Help on function convert in module onnx2tf:

convert(
  input_onnx_file_path: Union[str, NoneType] = '',
  onnx_graph: Union[onnx.onnx_ml_pb2.ModelProto, NoneType] = None,
  output_folder_path: Union[str, NoneType] = 'saved_model',
  output_signaturedefs: Optional[bool] = False,
  output_h5: Optional[bool] = False,
  output_keras_v3: Optional[bool] = False,
  output_tfv1_pb: Optional[bool] = False,
  output_weights: Optional[bool] = False,
  copy_onnx_input_output_names_to_tflite: Optional[bool] = False,
  output_integer_quantized_tflite: Optional[bool] = False,
  quant_type: Optional[str] = 'per-channel',
  custom_input_op_name_np_data_path: Optional[List] = None,
  input_output_quant_dtype: Optional[str] = 'int8',
  not_use_onnxsim: Optional[bool] = False,
  not_use_opname_auto_generate: Optional[bool] = False,
  batch_size: Union[int, NoneType] = None,
  overwrite_input_shape: Union[List[str], NoneType] = None,
  no_large_tensor: Optional[bool] = False,
  output_nms_with_dynamic_tensor: Optional[bool] = False,
  keep_ncw_or_nchw_or_ncdhw_input_names: Union[List[str], NoneType] = None,
  keep_nwc_or_nhwc_or_ndhwc_input_names: Union[List[str], NoneType] = None,
  keep_shape_absolutely_input_names: Optional[List[str]] = None,
  output_names_to_interrupt_model_conversion: Union[List[str], NoneType] = None,
  disable_group_convolution: Union[bool, NoneType] = False,
  enable_batchmatmul_unfold: Optional[bool] = False,
  enable_rnn_unroll: Optional[bool] = False,
  disable_suppression_flextranspose: Optional[bool] = False,
  number_of_dimensions_after_flextranspose_compression: Optional[int] = 6,
  disable_suppression_flexstridedslice: Optional[bool] = False,
  disable_strict_mode: Optional[bool] = False,
  number_of_dimensions_after_flexstridedslice_compression: Optional[int] = 5,
  optimization_for_gpu_delegate: Optional[bool] = False,
  replace_argmax_to_reducemax_and_indicies_is_int64: Union[bool, NoneType] = False,
  replace_argmax_to_reducemax_and_indicies_is_float32: Union[bool, NoneType] = False,
  replace_argmax_to_fused_argmax_and_indicies_is_int64: Union[bool, NoneType] = False,
  replace_argmax_to_fused_argmax_and_indicies_is_float32: Union[bool, NoneType] = False,
  fused_argmax_scale_ratio: Union[float, NoneType] = 0.5,
  replace_to_pseudo_operators: List[str] = None,
  mvn_epsilon: Union[float, NoneType] = 0.0000000001,
  param_replacement_file: Optional[str] = '',
  check_gpu_delegate_compatibility: Optional[bool] = False,
  check_onnx_tf_outputs_elementwise_close: Optional[bool] = False,
  check_onnx_tf_outputs_elementwise_close_full: Optional[bool] = False,
  check_onnx_tf_outputs_sample_data_normalization: Optional[str] = 'norm',
  check_onnx_tf_outputs_elementwise_close_rtol: Optional[float] = 0.0,
  check_onnx_tf_outputs_elementwise_close_atol: Optional[float] = 1e-4,
  disable_model_save: Union[bool, NoneType] = False,
  use_cuda: Union[bool, NoneType] = False,
  non_verbose: Union[bool, NoneType] = False
) -> keras.engine.training.Model

    Convert ONNX to TensorFlow models.

    Parameters
    ----------
    input_onnx_file_path: Optional[str]
      Input onnx file path.
      Either input_onnx_file_path or onnx_graph must be specified.

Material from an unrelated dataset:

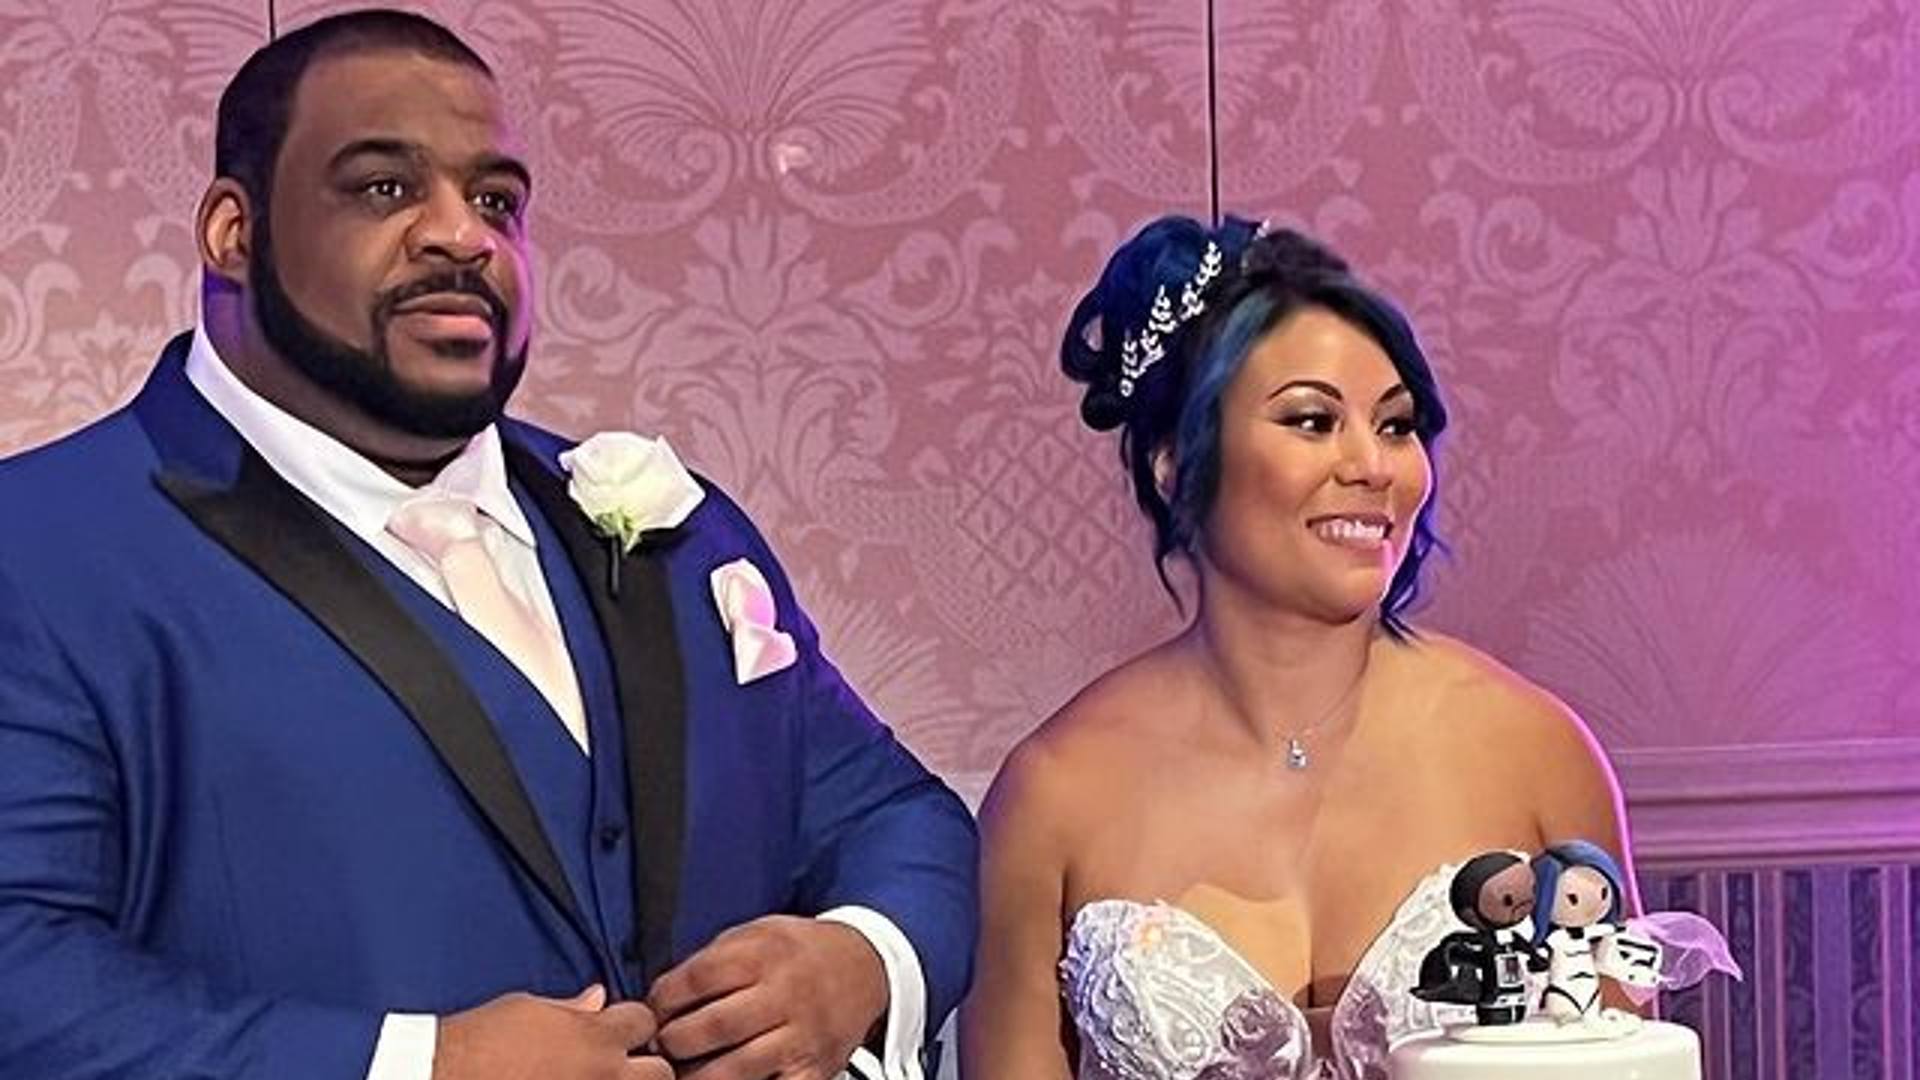 Former WWE superstar Keith Lee ties the knot with Mia Yim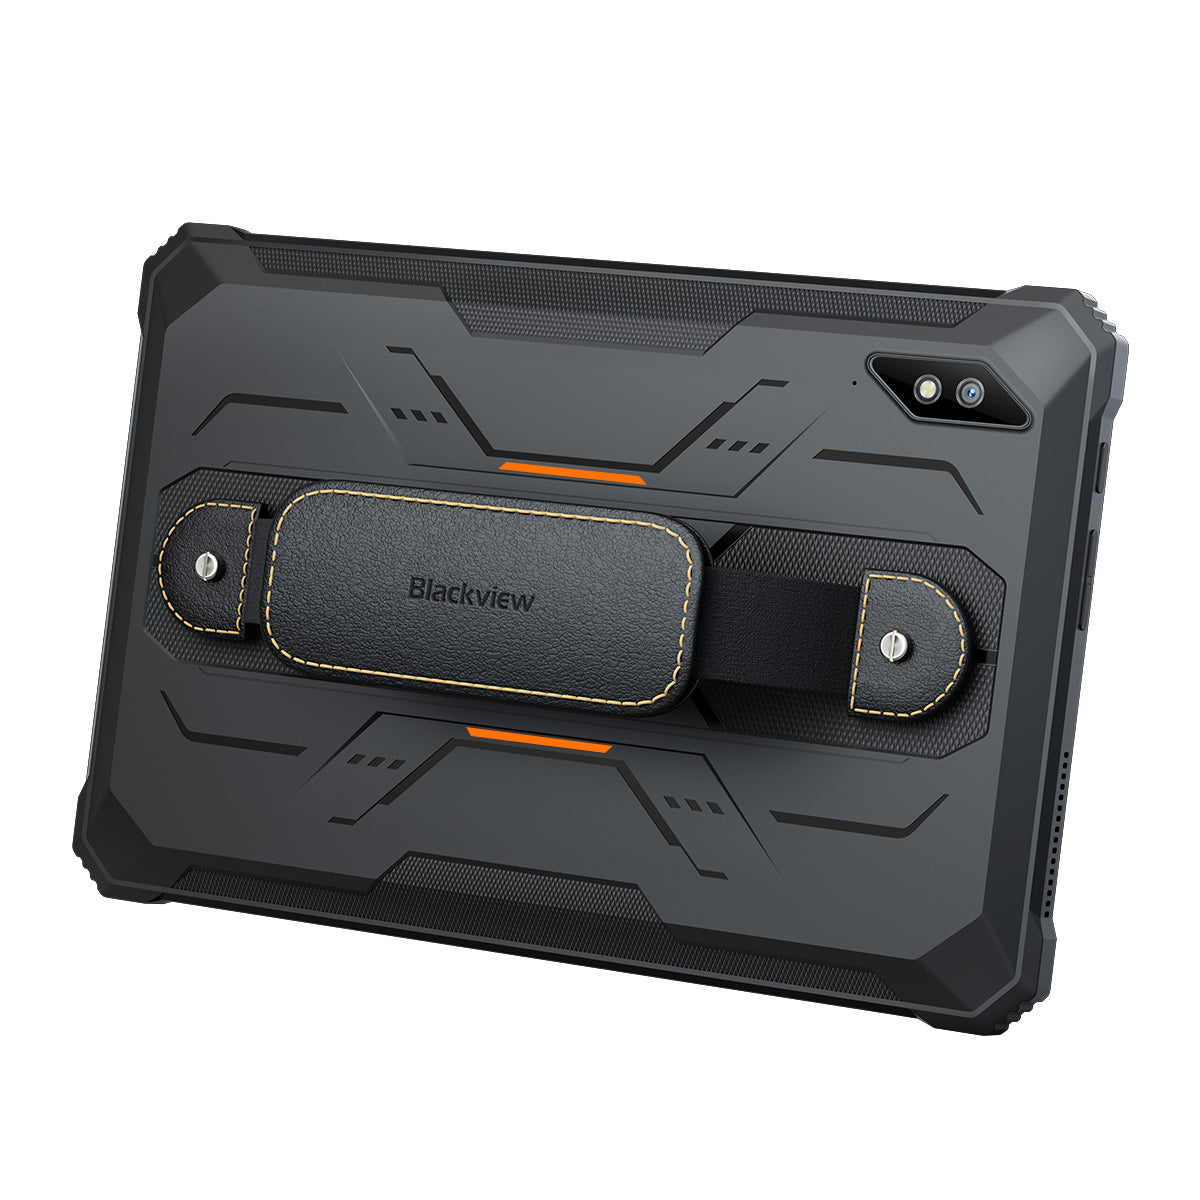 Active 8 Pro 22000mAh 頑丈なタブレット - Blackview Global Store

    onnx_graph: Optional[onnx.ModelProto]
      onnx.ModelProto.
      Either input_onnx_file_path or onnx_graph must be specified.
      onnx_graph If specified, ignore input_onnx_file_path and process onnx_graph.

    output_folder_path: Optional[str]
      Output tensorflow model folder path.
      Default: "saved_model"

    output_signaturedefs: Optional[bool]
      Signature is added to the output for serving or for conversion
      to other model formats. However, this can significantly reduce the speed
      of model conversion and significant increase the size of the model.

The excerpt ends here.